Source data:
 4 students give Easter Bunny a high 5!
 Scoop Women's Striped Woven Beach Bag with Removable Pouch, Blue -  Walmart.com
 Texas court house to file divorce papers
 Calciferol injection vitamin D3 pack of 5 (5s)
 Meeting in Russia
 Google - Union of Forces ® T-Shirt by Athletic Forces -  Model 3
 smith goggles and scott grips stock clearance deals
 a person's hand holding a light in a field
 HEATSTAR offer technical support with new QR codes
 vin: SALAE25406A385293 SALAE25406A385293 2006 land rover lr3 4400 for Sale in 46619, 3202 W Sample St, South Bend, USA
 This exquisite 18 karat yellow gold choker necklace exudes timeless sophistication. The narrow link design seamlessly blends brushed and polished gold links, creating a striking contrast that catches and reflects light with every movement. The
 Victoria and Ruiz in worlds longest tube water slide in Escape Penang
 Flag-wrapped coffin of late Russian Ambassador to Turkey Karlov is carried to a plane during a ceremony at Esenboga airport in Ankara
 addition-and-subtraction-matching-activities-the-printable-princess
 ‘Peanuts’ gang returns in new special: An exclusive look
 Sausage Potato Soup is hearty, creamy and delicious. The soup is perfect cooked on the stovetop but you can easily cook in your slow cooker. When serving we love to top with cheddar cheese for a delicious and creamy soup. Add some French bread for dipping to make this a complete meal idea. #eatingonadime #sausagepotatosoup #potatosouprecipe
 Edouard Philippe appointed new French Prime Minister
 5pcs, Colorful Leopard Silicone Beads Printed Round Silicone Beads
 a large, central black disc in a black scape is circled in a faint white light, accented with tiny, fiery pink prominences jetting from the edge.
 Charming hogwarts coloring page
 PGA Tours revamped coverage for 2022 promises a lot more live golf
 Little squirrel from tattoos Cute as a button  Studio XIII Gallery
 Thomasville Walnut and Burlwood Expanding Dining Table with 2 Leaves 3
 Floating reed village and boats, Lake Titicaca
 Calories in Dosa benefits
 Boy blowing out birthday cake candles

# [TASK OBJECTIVE]
Go through the records above and set each one down exactly, please.

# [OUTPUT FOR THIS EXERCISE]
 4 students give Easter Bunny a high 5!
 Scoop Women's Striped Woven Beach Bag with Removable Pouch, Blue -  Walmart.com
 Texas court house to file divorce papers
 Calciferol injection vitamin D3 pack of 5 (5s)
 Meeting in Russia
 Google - Union of Forces ® T-Shirt by Athletic Forces -  Model 3
 smith goggles and scott grips stock clearance deals
 a person's hand holding a light in a field
 HEATSTAR offer technical support with new QR codes
 vin: SALAE25406A385293 SALAE25406A385293 2006 land rover lr3 4400 for Sale in 46619, 3202 W Sample St, South Bend, USA
 This exquisite 18 karat yellow gold choker necklace exudes timeless sophistication. The narrow link design seamlessly blends brushed and polished gold links, creating a striking contrast that catches and reflects light with every movement. The
 Victoria and Ruiz in worlds longest tube water slide in Escape Penang
 Flag-wrapped coffin of late Russian Ambassador to Turkey Karlov is carried to a plane during a ceremony at Esenboga airport in Ankara
 addition-and-subtraction-matching-activities-the-printable-princess
 ‘Peanuts’ gang returns in new special: An exclusive look
 Sausage Potato Soup is hearty, creamy and delicious. The soup is perfect cooked on the stovetop but you can easily cook in your slow cooker. When serving we love to top with cheddar cheese for a delicious and creamy soup. Add some French bread for dipping to make this a complete meal idea. #eatingonadime #sausagepotatosoup #potatosouprecipe
 Edouard Philippe appointed new French Prime Minister
 5pcs, Colorful Leopard Silicone Beads Printed Round Silicone Beads
 a large, central black disc in a black scape is circled in a faint white light, accented with tiny, fiery pink prominences jetting from the edge.
 Charming hogwarts coloring page
 PGA Tours revamped coverage for 2022 promises a lot more live golf
 Little squirrel from tattoos Cute as a button  Studio XIII Gallery
 Thomasville Walnut and Burlwood Expanding Dining Table with 2 Leaves 3
 Floating reed village and boats, Lake Titicaca
 Calories in Dosa benefits
 Boy blowing out birthday cake candles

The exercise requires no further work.